Ангиотензин-Неприлизин ингибитор против Эналаприла в лечении ХСН

Одним из самых ожидаемых событий в кардиологическом мире в этому году стала публикация результатов исследования PARADIGM-HF. В  исследовании сравнивалась эффективность нового препарата компании Novartis  (кодовое название LCZ696) и классического иАПФ эналаприла в лечении ХСН со сниженной ФВ ЛЖ.

11 сентября 2014 г. результаты исследования PARADIGM-HF были опубликованы в New England Journal of Medicine, в статье под названием Angiotensin–Neprilysin Inhibition versus Enalapril in Heart Failure (Ангиотензин-Неприлизин ингибитор против Эналаприла в лечении ХСН), перевод которой публикую ниже.

иАПФ были краеугольным камнем в лечении ХСН со сниженной ФВ ЛЖ в течение почти 25 лет, поскольку эналаприл доказал свою эффективность в снижении риска смерти в двух крупных исследованиях.

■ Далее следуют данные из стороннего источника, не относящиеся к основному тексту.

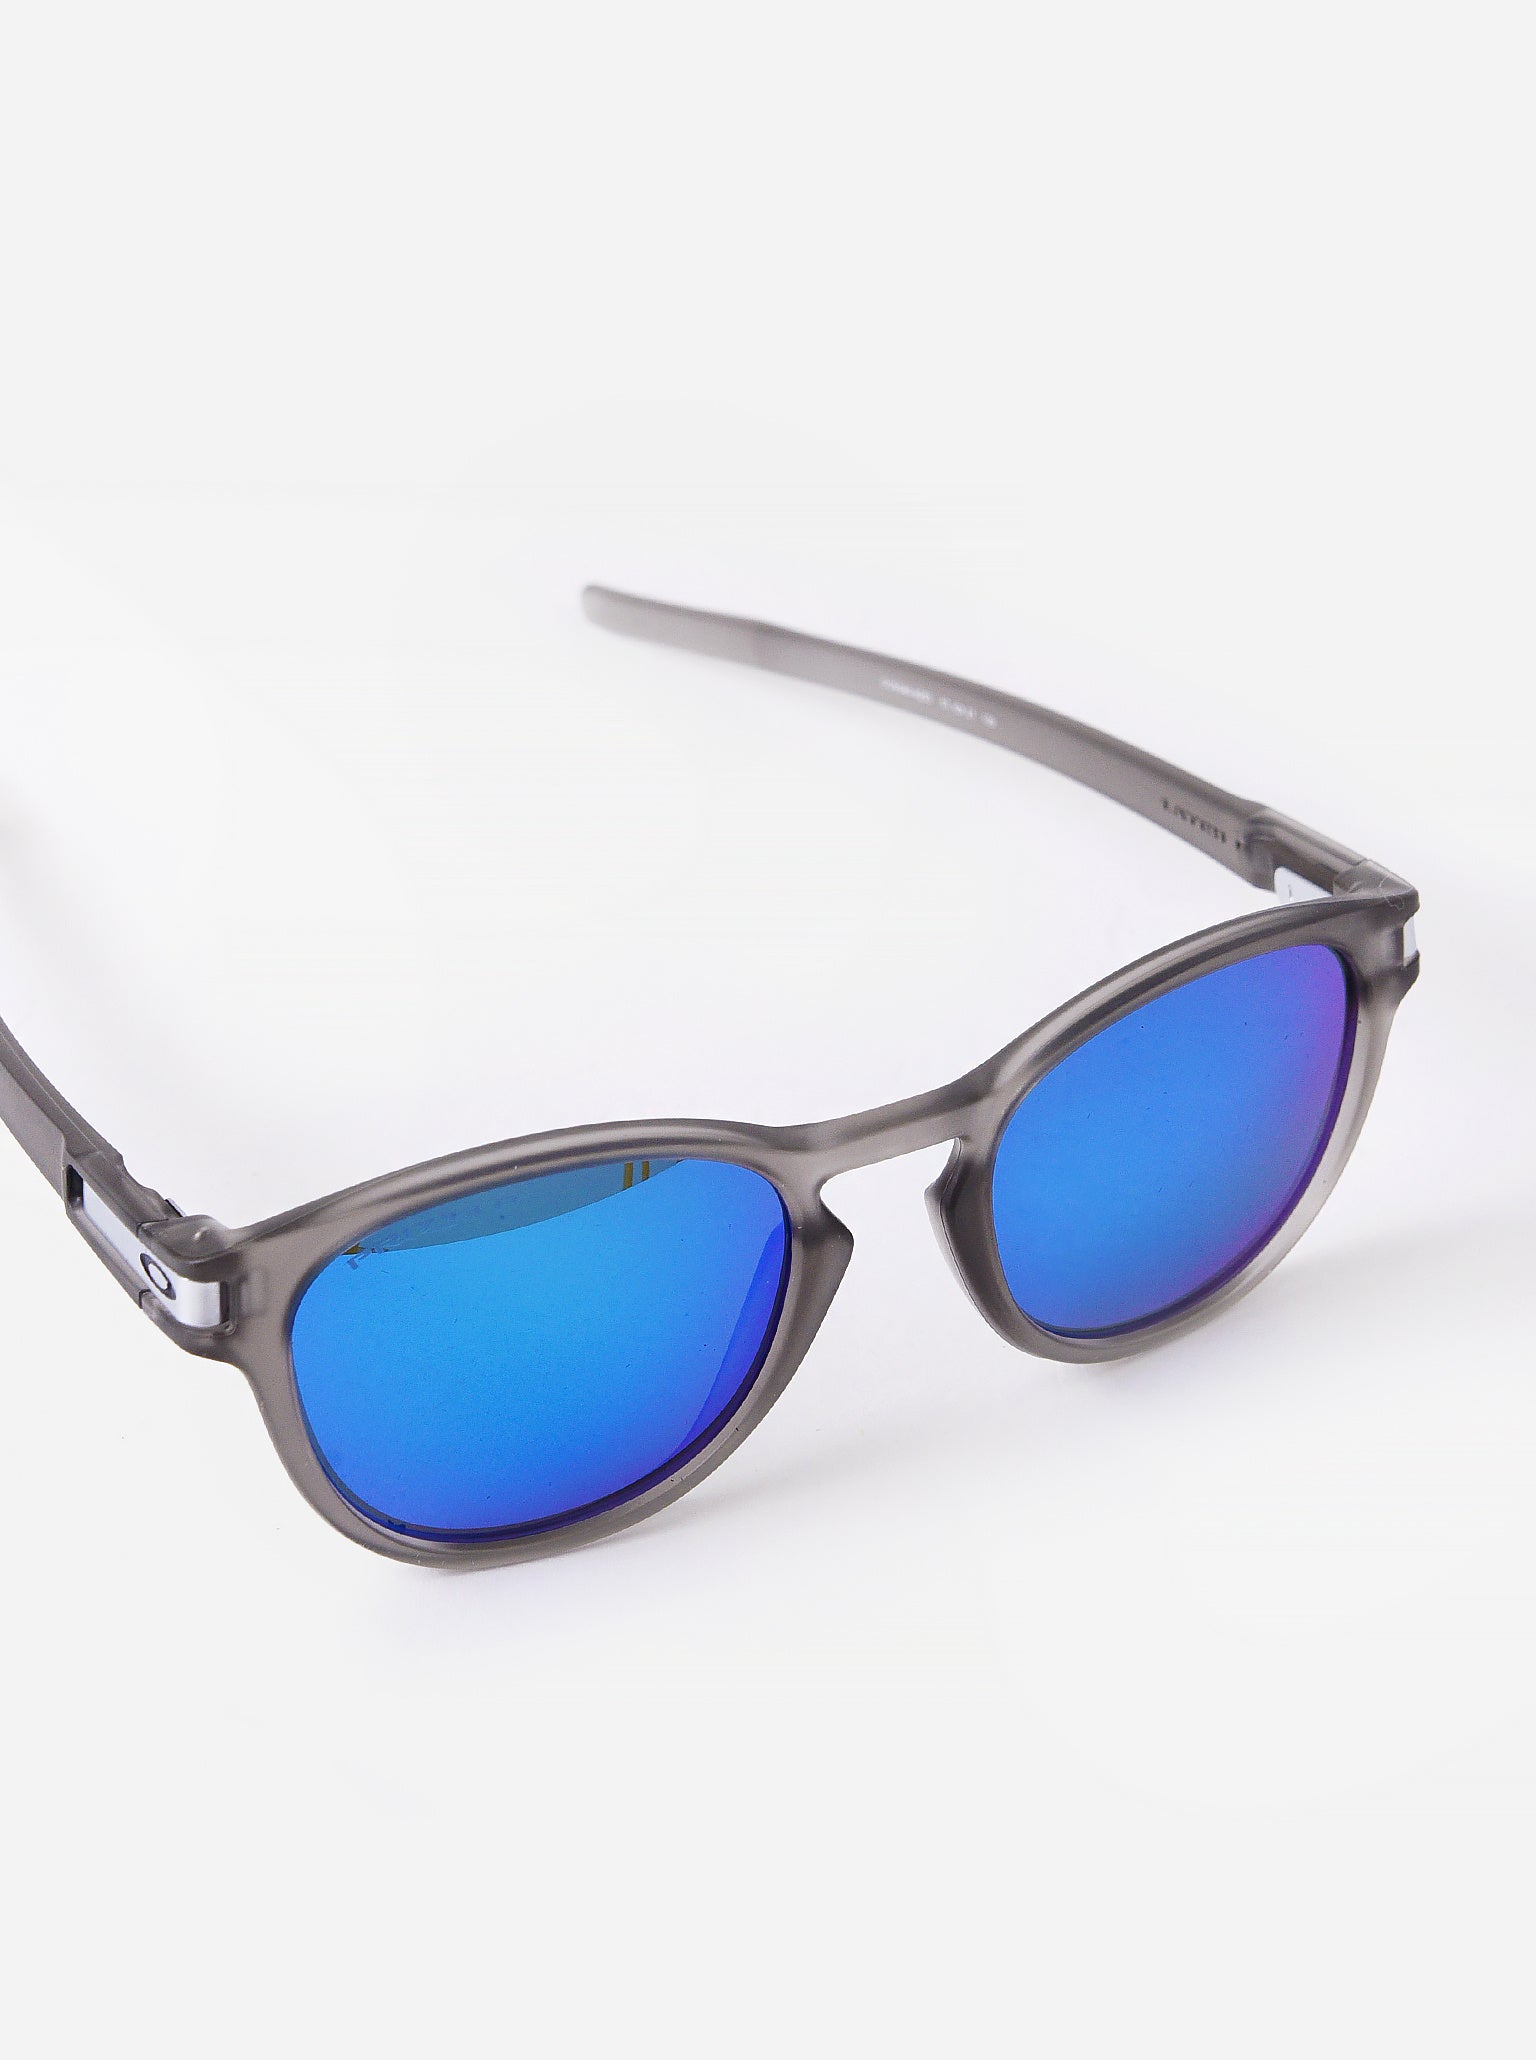 Oakley Sunglasses - Saint Bernard

Длительное лечение эналаприлом снижало риск смерти на 16% у пациентов с легкими и умеренными симптомами. А вот данные о безопасности блокаторов рецепторов ангиотензина (БРА) на сегодняшний день очень противоречивы, и препараты этой группы рекомендуются в основном при непереносимости иАПФ (например, при кашле). В других исследованиях было также доказано снижение смертности при сочетании иАПФ с бета-блокаторами (на 30-35%) и антагонистами минералокортикоидных рецепторов (на 22-30%).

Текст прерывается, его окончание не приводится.